C’est un communiqué d’une rare violence verbale, à la mesure du traumatisme subi. Le Tout Puissant Mazembe, club mythique de la République démocratique du Congo, dénonce le « chaos total » et la « brutalité pure » qui ont conduit à l’arrêt définitif du derby face au FC Saint-Éloi Lupopo ce dimanche. Entre pratiques fétichistes et destructions massives, le stade de Kamalondo a basculé dans l’irrationnel.


L’image est dévastatrice pour le football congolais. Ce qui devait être une fête du sport, le célèbre derby de Lubumbashi, s’est transformé en un théâtre de désolation. Dans un communiqué officiel publié ce 9 mars 2026, la direction du TP Mazembe ne mâche pas ses mots pour décrire l’innommable : un envahissement de terrain massif, des projectiles pleuvant sur les joueurs et, plus surréaliste encore, des scènes de « pratiques fétichistes » jusque dans les cages du gardien de but.
L’indécence au sommet
Selon le club présidé par Moïse Katumbi, la tension est montée dès les premières minutes de la rencontre.

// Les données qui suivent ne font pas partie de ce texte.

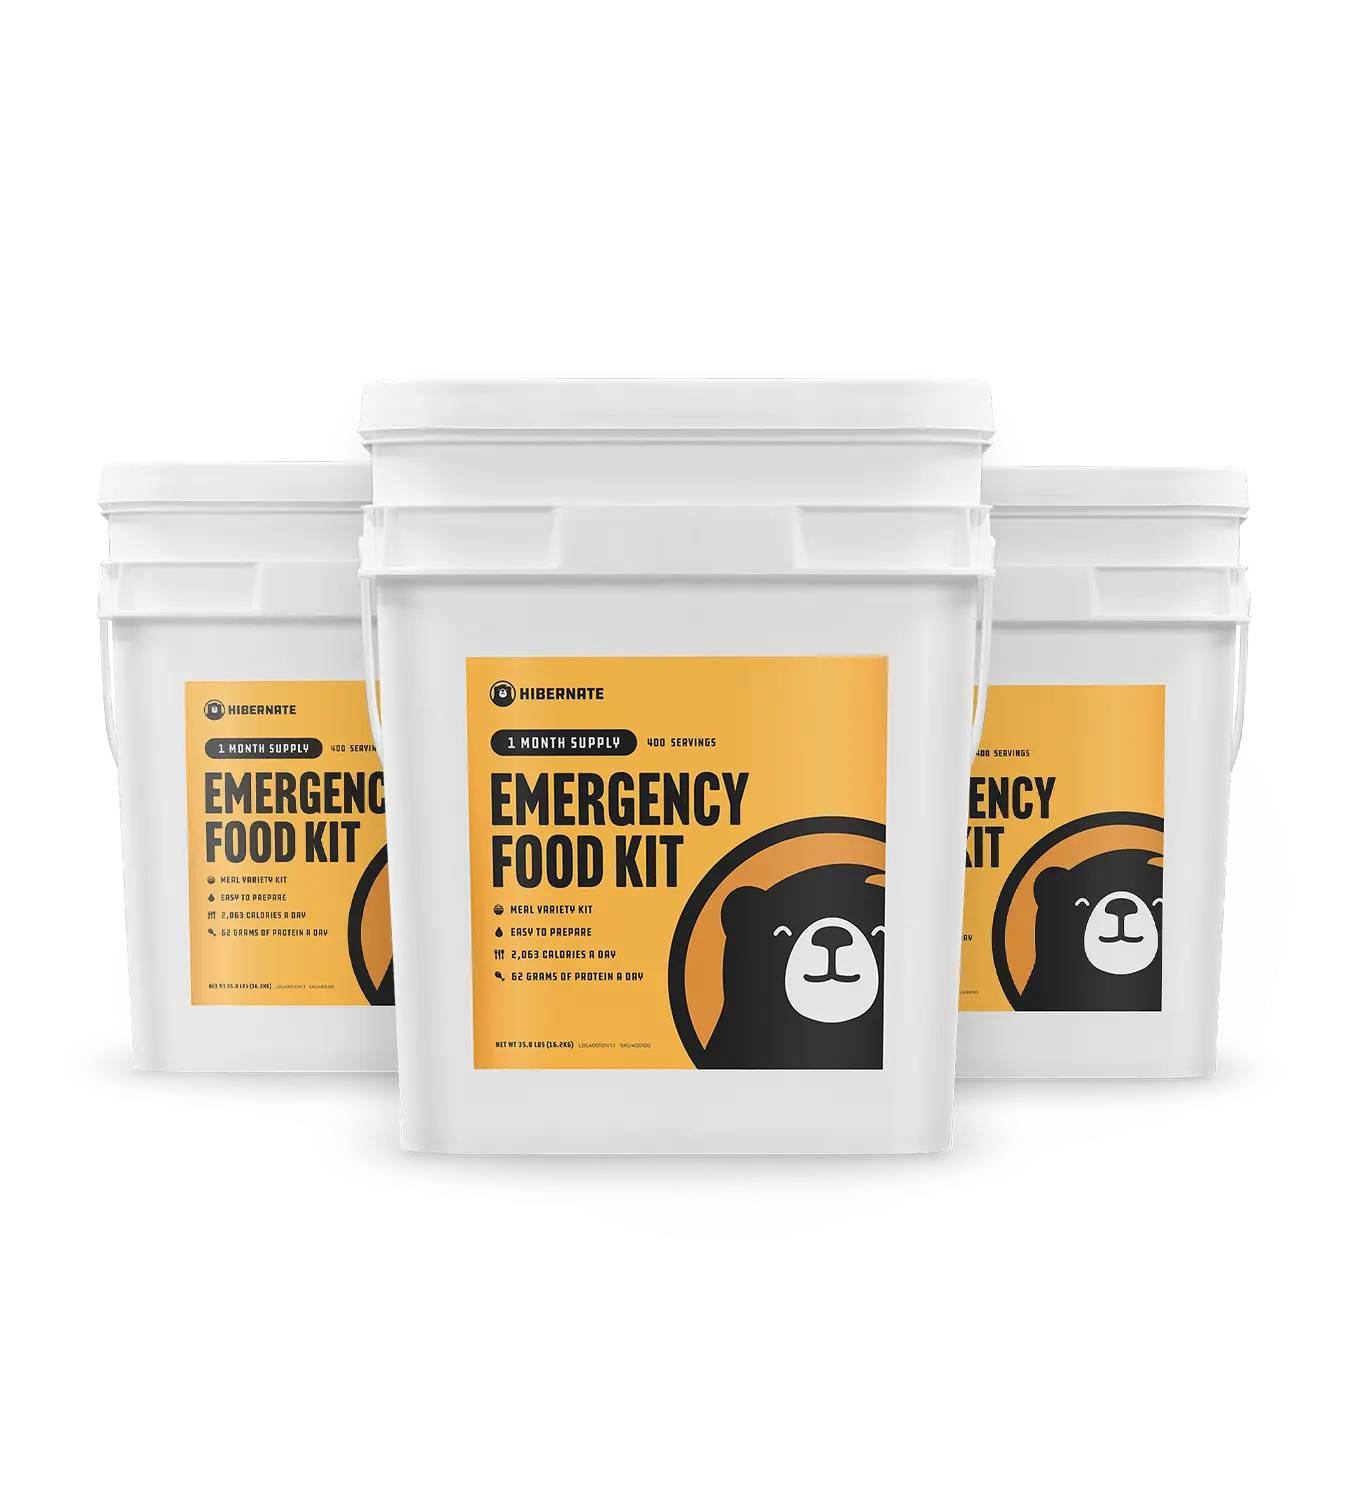 Three buckets of premium emergency food supply kit with over 2000 calories per day and 1200 total servings.
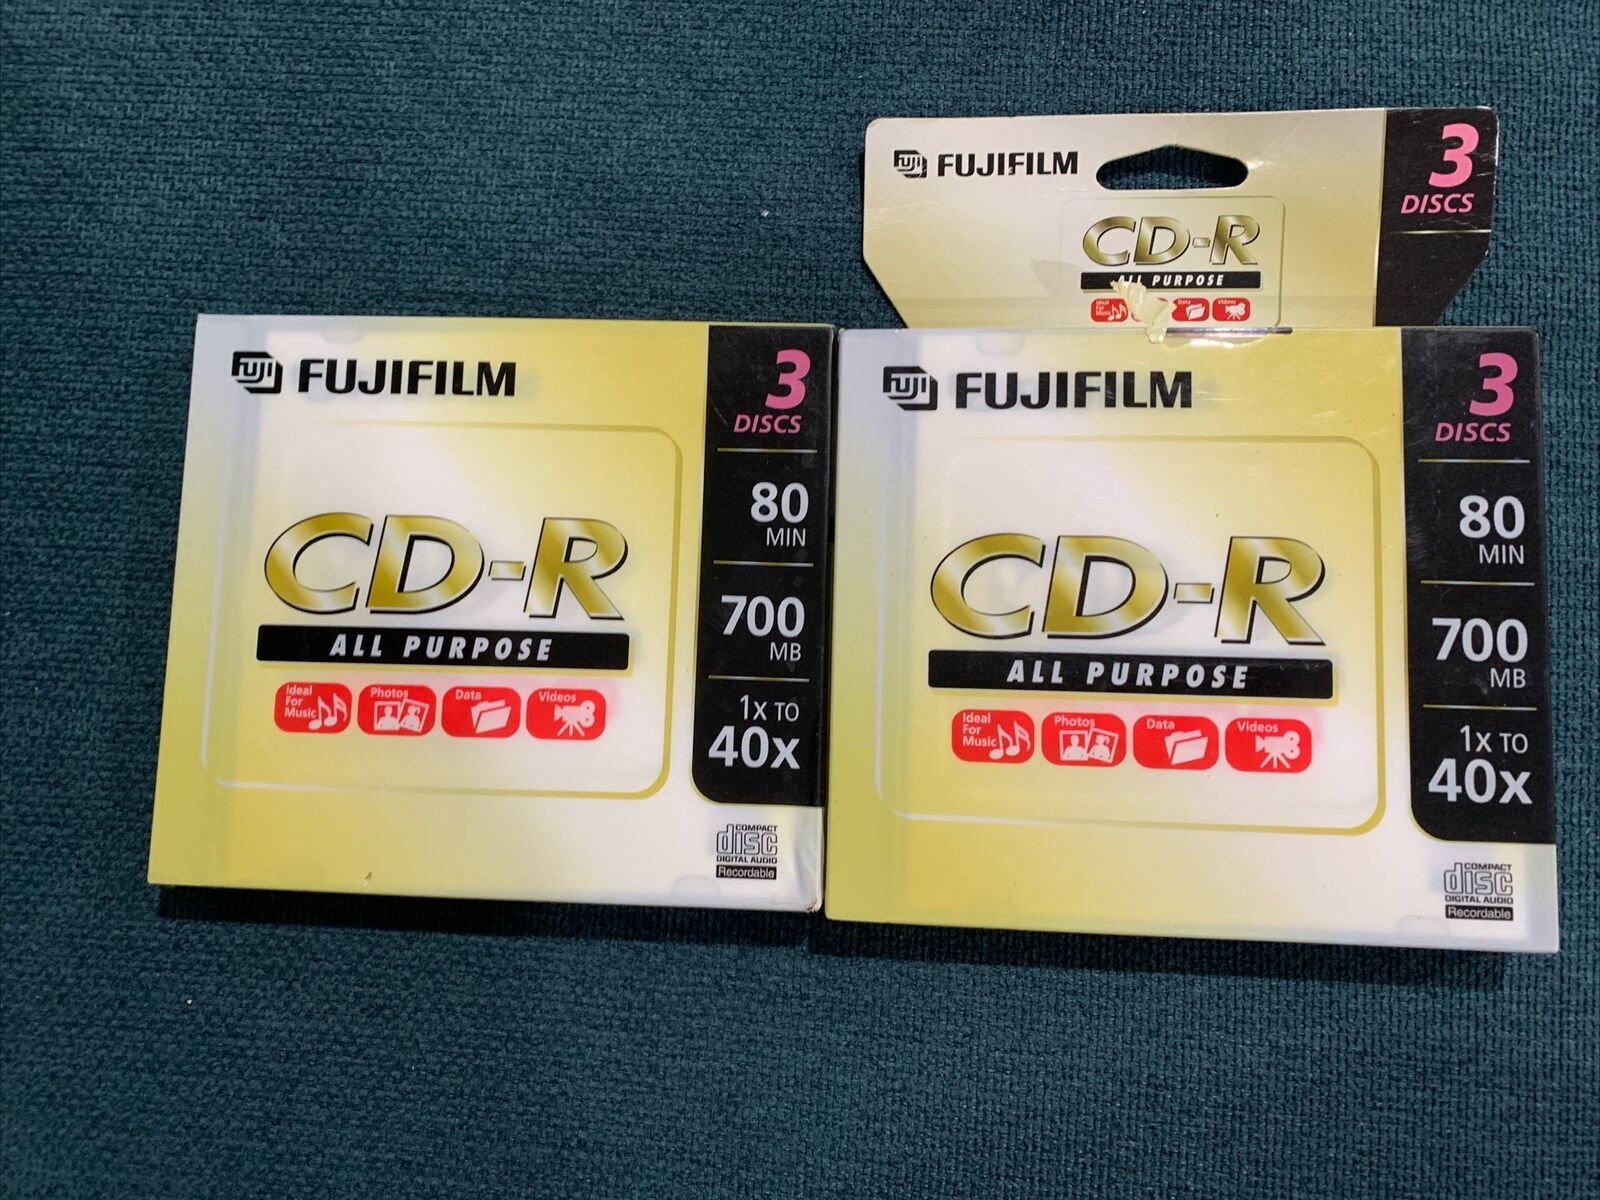 FujiFilm 3-Pack All-Purpose CD-R 80 Min 700 MB Recordable CDs Lot Of 2 Packs

Mais c’est à la mi-temps que le point de non-retour a été franchi. Des « hordes de supporters » de Lupopo auraient envahi la pelouse, se livrant à des rituels mystico-religieux, allant jusqu’à l’indécence la plus totale. Face à cette « furie destructrice », les forces de l’ordre ont semblé dépassées, rendant la reprise du match impossible.
Le bilan matériel, dressé avec une précision chirurgicale par le secrétariat général du club, est accablant :
- Plus de 500 sièges arrachés ;
- Des véhicules caillassés dans l’enceinte même du stade ;
- Des grilles de séparation et des portails enfoncés ;
- Plusieurs blessés signalés parmi les spectateurs et le personnel.
Une « trahison morale »
Au-delà des dégâts physiques, c’est l’ingratitude qui semble blesser le « Tout Puissant ». Le stade de Kamalondo est en effet le seul de RDC actuellement homologué par la FIFA et la CAF pour les compétitions internationales. Le TP Mazembe rappelle, avec une amertume non feinte, qu’il met gracieusement ses installations à la disposition des autres clubs congolais, y compris son rival Lupopo, pour leurs matchs continentaux.
« Cette ingratitude est aussi révoltante qu’incompréhensible. Elle constitue une trahison morale que le TP Mazembe ne saurait tolérer », assène le communiqué signé par Frédéric Kitengie Kinkumba.
L’heure des comptes
Le club exige désormais des sanctions exemplaires. Alors qu’une rencontre internationale doit se tenir dans ce même stade d’ici une semaine, l’urgence est à la fois sécuritaire et disciplinaire. Le TP Mazembe demande à la LINAFOOT et à la Fédération congolaise de football (FECOFA) l’identification et la condamnation ferme des auteurs et commanditaires de ces actes de vandalisme.
Le football congolais, sport-roi dans le pays, se retrouve aujourd’hui déshonoré sur la scène continentale. Le TP Mazembe, qui a déjà transmis l’intégralité des images de vidéosurveillance aux autorités judiciaires, se réserve le droit d’engager des poursuites pour obtenir réparation intégrale. Une chose est sûre : le « fair-play » a quitté Lubumbashi hier soir, laissant place à un champ de ruines et à une honte nationale.